Starting January 2009, for a period of five years, the Forensic Genomics Consortium Netherlands (FGCN), of which I am the Scientific Director, is funded by the Netherlands Genomics Initiative (NGI). The FGCN actively pursues the use of new genomic research tools to substantially improve forensic genetic research. The FGCN represents the strategic alliance of 3 Dutch forensic genetic research laboratories: the Netherlands Forensic Institute (NFI), the Forensic Laboratory for DNA Research of Leiden University Medical Center (FLDO-LUMC), and the Department for Forensic Molecular Biology of the Erasmus Medical Center, (FMB-EMC). We plan to achieve 6 major research deliverables in this 5-year time frame:
First, we are looking into the improvement of mixed stain DNA analyses. We will also have a project aimed at better determination of the relative age of a sample, for example, from a crime scene. Determination of the cellular origin of a biological sample, determination of the geographical origin of a cell donor, and determination of the externally visible characteristics of a cell donor are three further projects aimed at increasing the information from cell samples. Finally, we are working on the construction of detailed DNA reference databases
This research strategy is prioritized on the basis of immediate forensic relevance. First, we will concentrate on the first two new research lines which we consider as high risk, but also of utmost importance: mixed-stains analyses and age-of-sample detection.
Secondly, we will concentrate on three research lines for which Dutch law uniquely already provides us the necessary legal support, but for which until recently, we lacked the relevant samples: the cellular origin, the geographic origin, and the externally visible characteristics of the cell donor. We now have access to sufficient important research samples, but still lack the reliable genetic markers. Within this consortium, we will be able to concentrate our research and complete the development of these genetic research tools crucial to criminalistics.

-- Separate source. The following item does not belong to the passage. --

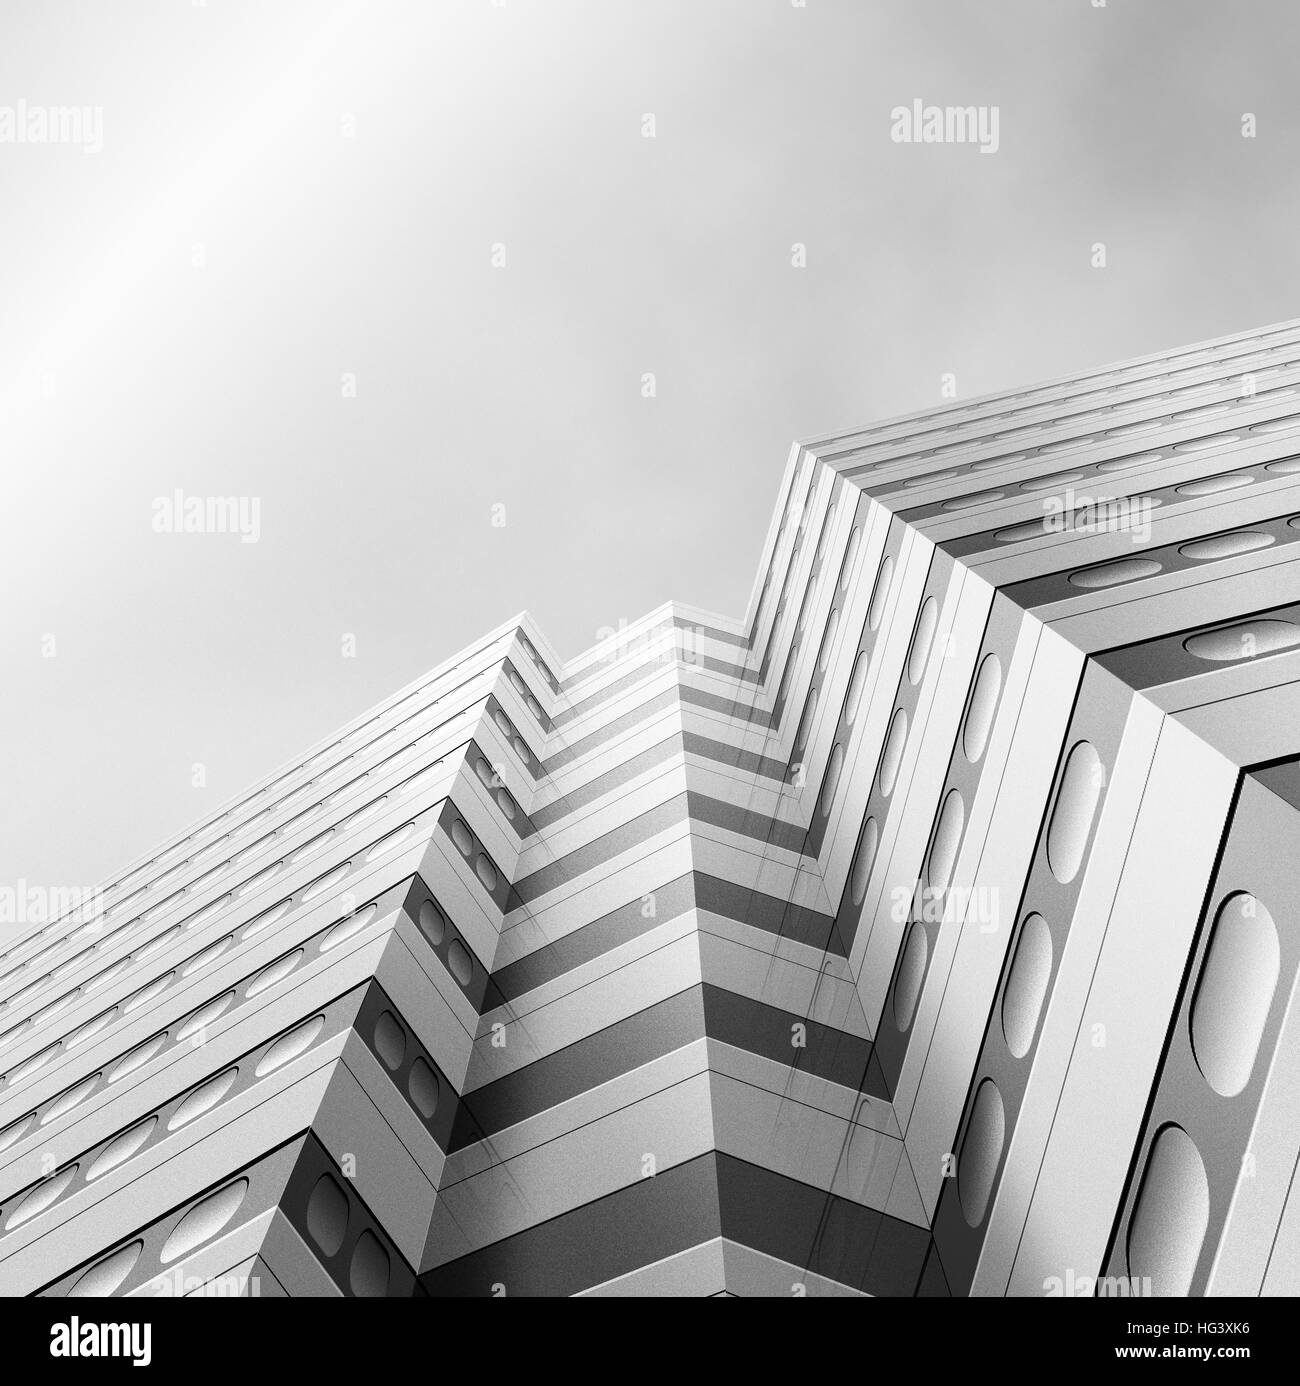 Directly Below Shot Of Modern Skyscraper Against Cloudy Sky. Illustration. Stock Photo

Finally, in order to provide the relevant statistical support for all new genetic results, we have to screen a large number of relevant randomly collected samples in order to build a reference database. This last phase of our consortium plan is less scientifically challenging, but of great importance. Without the reference data, the evidential value of determining the origins and characteristics of a sample will be impossible to evaluate. This will certainly lead to dismissal once used in a court of law.
What are the short- and long-term visions of the FGCN regarding the use of DNA in forensic research?
At present, it is not yet clear what will happen after 2013. We are currently exploring all options in order to continue this consortium for at least another 5 years. The focus will remain on genomics, but we will try to add other disciplines that could be equally important for the analysis of crime scene stains of (presumed) biological origins.